Credentials for the zenodo API take the form of a personal access token which can be created when you create a zenodo account. For full details on how to do this consult the authorization section of the API documentation [here](https://developers.zenodo.org/#authentication). This token is then given as a parameter argument when making a HTTP request. I store my token as a variable called 'token' in a separate .py file and then load that file into python using the below import statement. You can also just create a variable directly in your code but make sure to remove the actual token itself when sharing your code online otherwise others will then be able to access the API using your credentials. 

In [19]:
import zenodo_credentials

In [20]:
import pandas as pd
import numpy as np
import requests
import re
from datetime import datetime

This function takes 2 arguments the credentials for the API and the date from which you want the resources. It looks a little scary but the majority of it is merely parsing out the data into a tabular format that fits with the current format that we are using in the WP dataset. The function queries the zenodo API for resources from both the ``rda`` and ``rda-related`` communities. A helper function is immediately defined within it that queries the API and then returns sheets of formatted tabular data. These sheets are named in line with their corresponding sheets in the WP dataset. The output of the function therefore will be 4 csv files ``group_resource.csv``, ``resource.csv``, ``individual.csv``, ``individual_resource.csv``. This data can then be manually copied into the google doc or uploaded into an SQL database.

In [41]:
def zenodo_scraper(credentials, date):
    def helper(community, writetype, header):
        r = requests.get(f"https://zenodo.org/api/records?", params = {"access_token": credentials, "communities": community,
                                                                      "sort": "mostrecent"})
        
        data = r.json()['hits']['hits']
        data = [res for res in data if datetime.strptime(res['metadata']['publication_date'], "%Y-%m-%d") >= datetime.strptime(date, "%Y-%m-%d")]
        if len(data) == 0:
            return
        data = pd.json_normalize(data)

        data['Ready'] = np.nan
        data['URI_Status'] = data['links.self'].apply(lambda x: requests.head(x).status_code)
        data['URI2'] = np.nan
        data['URI2_Status'] = np.nan
        data['PID_LOD_Type'] = "DOI"
        data['type'] = data['metadata.resource_type.title'].apply(lambda x: f"publication-{x}".lower())
        data['dc_type'] = data['metadata.resource_type.title'].apply(lambda x: f"info:eu-repo/semantics/{x}".lower())
        data['dc_description'] = data['metadata.description'].apply(lambda x: re.sub(r"<[^>]*>|\n", " ", x).strip())
        data['dc_description'] = data['dc_description'].apply(lambda x: re.sub(" +", " ", x))
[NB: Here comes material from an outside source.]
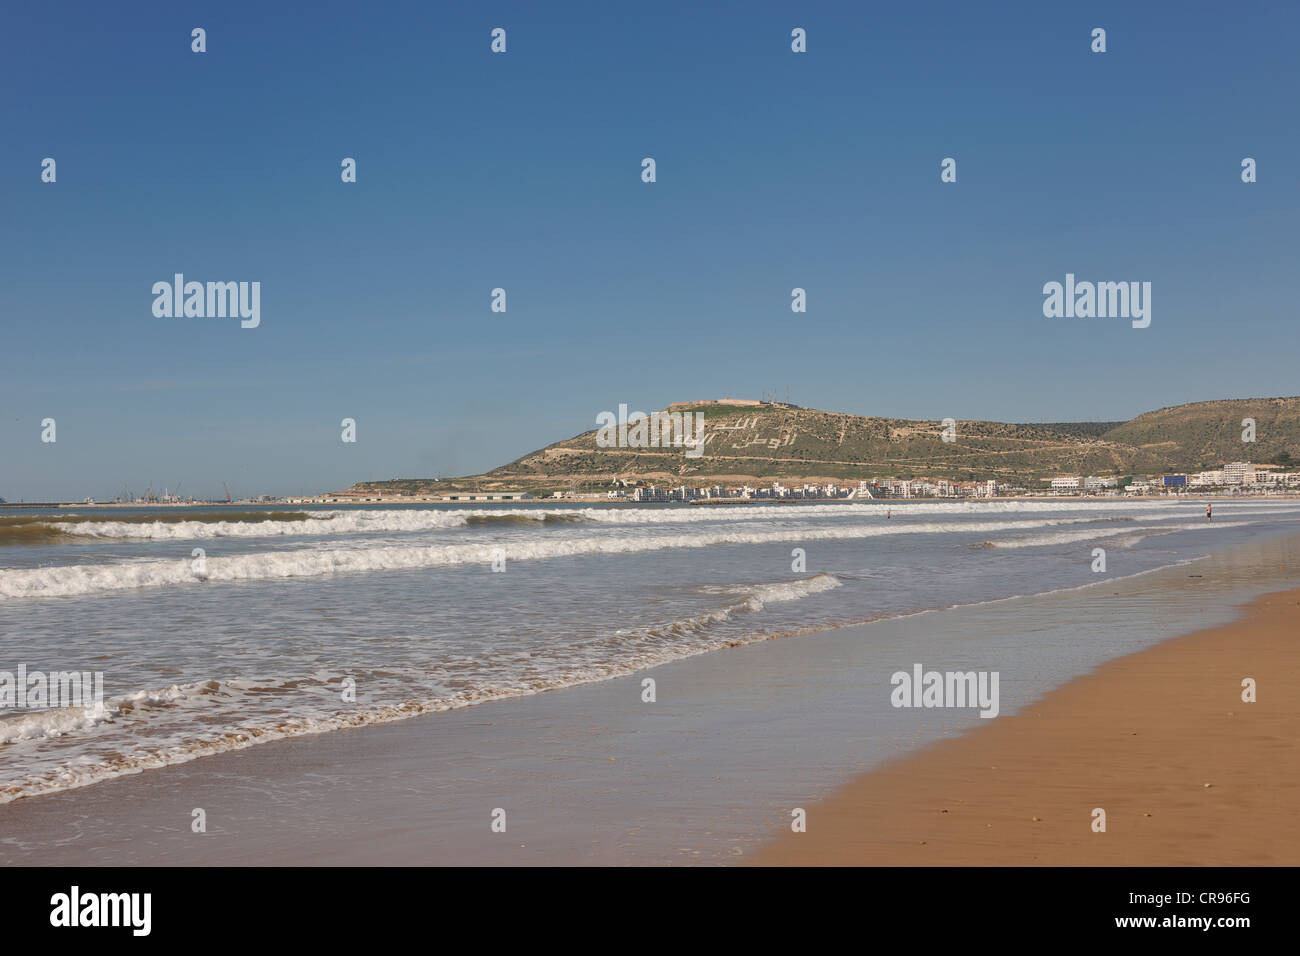 Agadir Beach, hill with the words, Allah, al-Watan, al-Malik, meaning Allah, the Homeland, the King, Morocco, Africa Stock Photo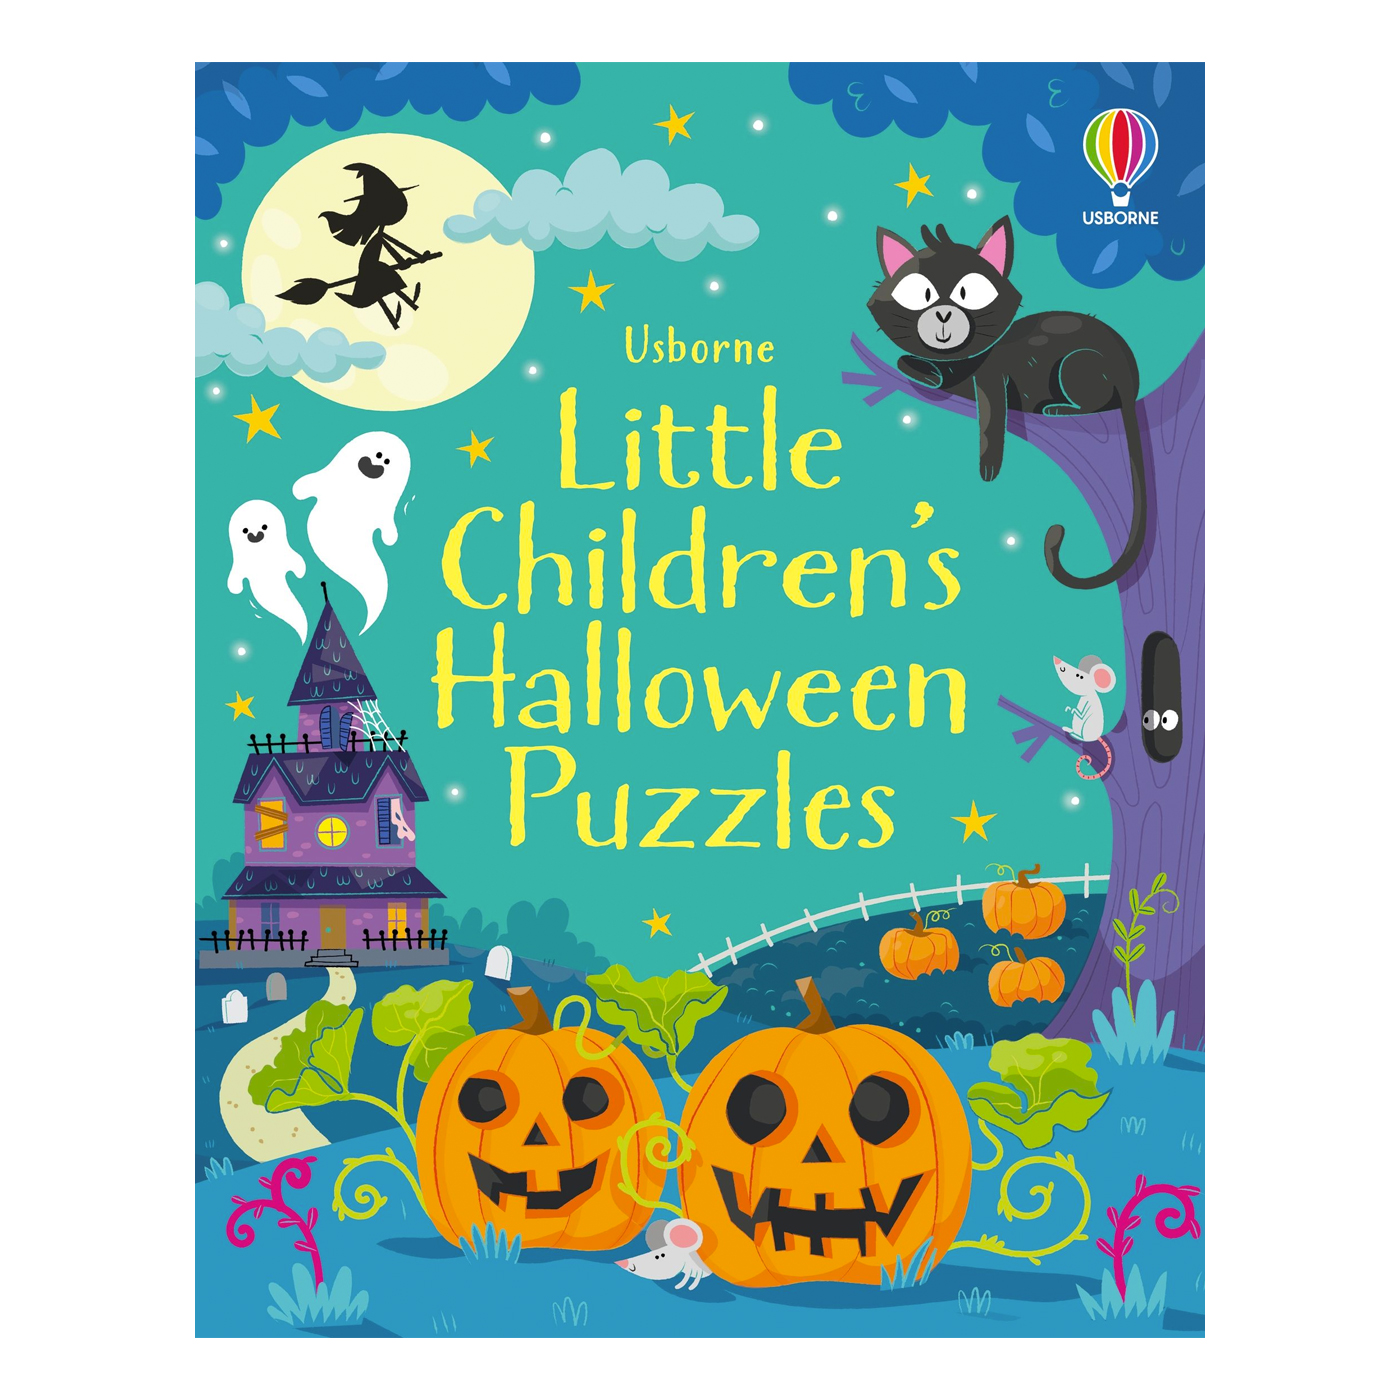  Little Children's Halloween Puzzles

        data.rename(columns = {'metadata.title': 'Title', 'metadata.publication_date': 'dc_date', 
                               'metadata.language': 'dc_language', 'links.self_html': 'URI', 'links.doi': 'PID_LOD'}, inplace = True)

        data = data[['Title', 'Ready', 'URI', 'URI_Status', 'URI2', 'URI2_Status', 'PID_LOD_Type', 'PID_LOD', 'dc_date', 'dc_description', 
              'dc_language', 'type', 'dc_type']]

        contributors = [x.get('metadata', {}).get('contributors') for x in r.json()['hits']['hits']] 
        creators = [x.get('metadata', {}).get('creators') for x in r.json()['hits']['hits']] 
        titles = [x.get('title', {}) for x in r.json()['hits']['hits']]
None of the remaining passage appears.